18 Fla. L. Weekly Supp. 884a

Online Reference: FLWSUPP 1809DWIL

Insurance — Personal injury protection — Coverage — Medical expenses — Exhaustion of policy limits — Bad faith — Where there was no binding legal authority as to whether inclusion of professional license number on claim form was required at time insurer denied medical provider’s claim on that basis, there was no bad faith that would require insurer to set aside disputed amounts — Insurer is not responsible for disputed amounts after exhaustion of policy limits on other claims

OAKLAND PARK MRI, INC., (A/A/O DANIEL WILSON), Plaintiff, vs. USAA CASUALTY INSURANCE COMPANY, Defendant. County Court, 17th Judicial Circuit in and for Broward County, Civil Division. Case No. 09-10890 COCE 55. May 10, 2011. Honorable Sharon Zeller, Judge. Counsel: Charles Kane, for Plaintiff. Reuven T. Herssein, Law Offices of Herssein & Herssein, P.A., North Miami, for Defendant.

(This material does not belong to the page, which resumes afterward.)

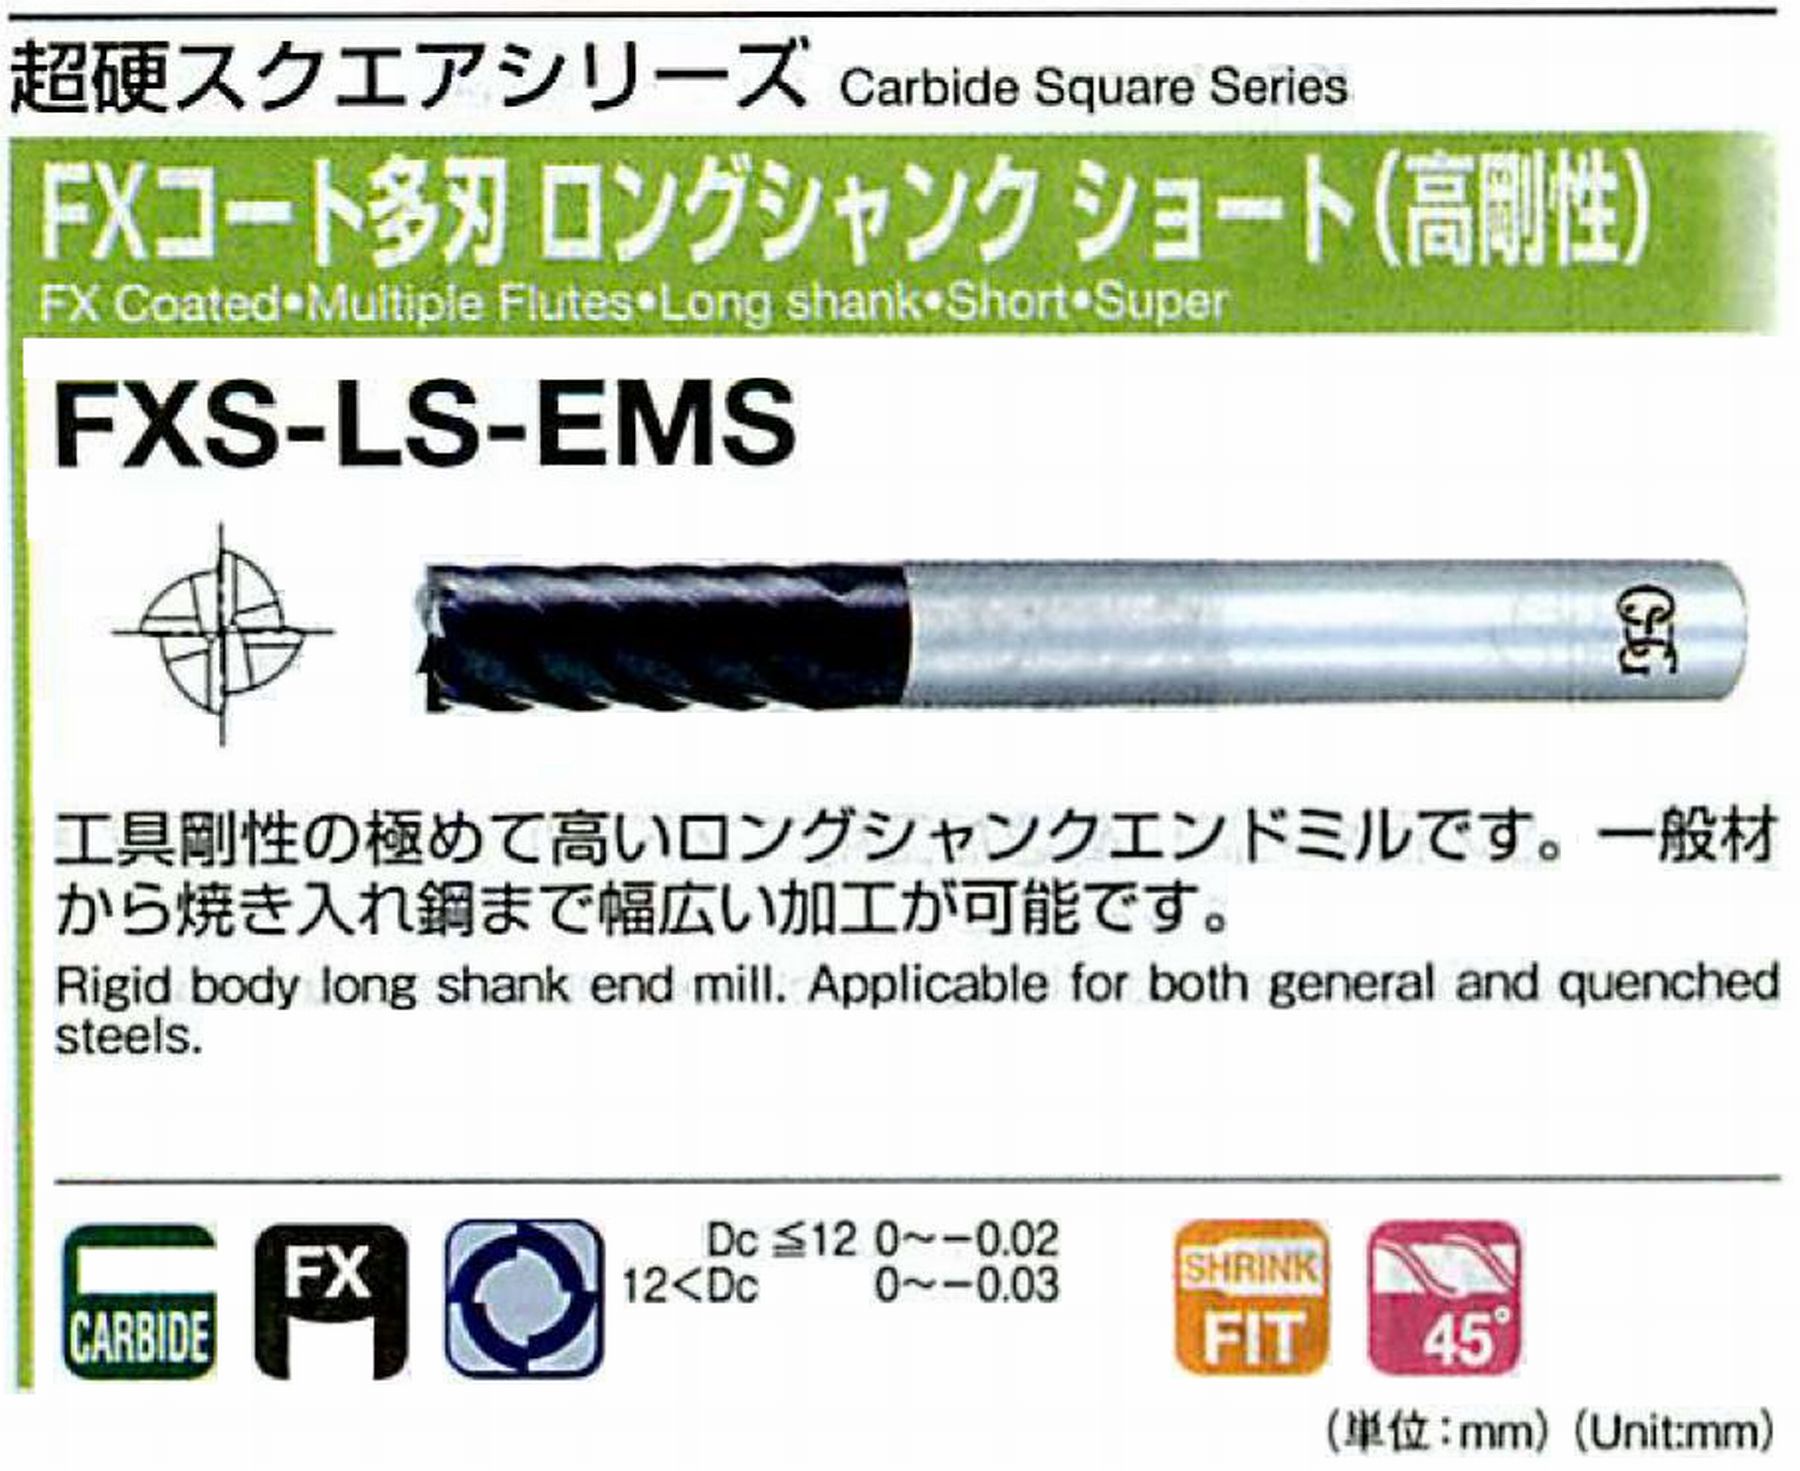 オーエスジー/OSG FXコート多刃 ロングシャンクショート(高剛性) FXS-LS-EMS 外径10 全長100 刃長25 シャンク径10mm 刃数6

FINAL SUMMARY JUDGMENT IN FAVOR OF USA A CASUALTY INSURANCE COMPANY

THIS CAUSE came before the Court on April 12, 2011, for hearing of the Plaintiff’s and Defendant’s Motions for Final Summary Judgment, and the Court’s having reviewed the Motion, the entire Court file, and the relevant legal authorities; having heard argument of counsel; having made a thorough review of the matters filed on record; and having been sufficiently advised on the premises, the Court finds as follows:

The Issue before this Court is whether an insurer is required to pay a claim, after policy benefits have exhausted, when the insurer denied the claim based upon the status of the law the time the bill was received and processed, when a subsequent binding legal opinion is rendered which invalidates the basis for the denial of said claim.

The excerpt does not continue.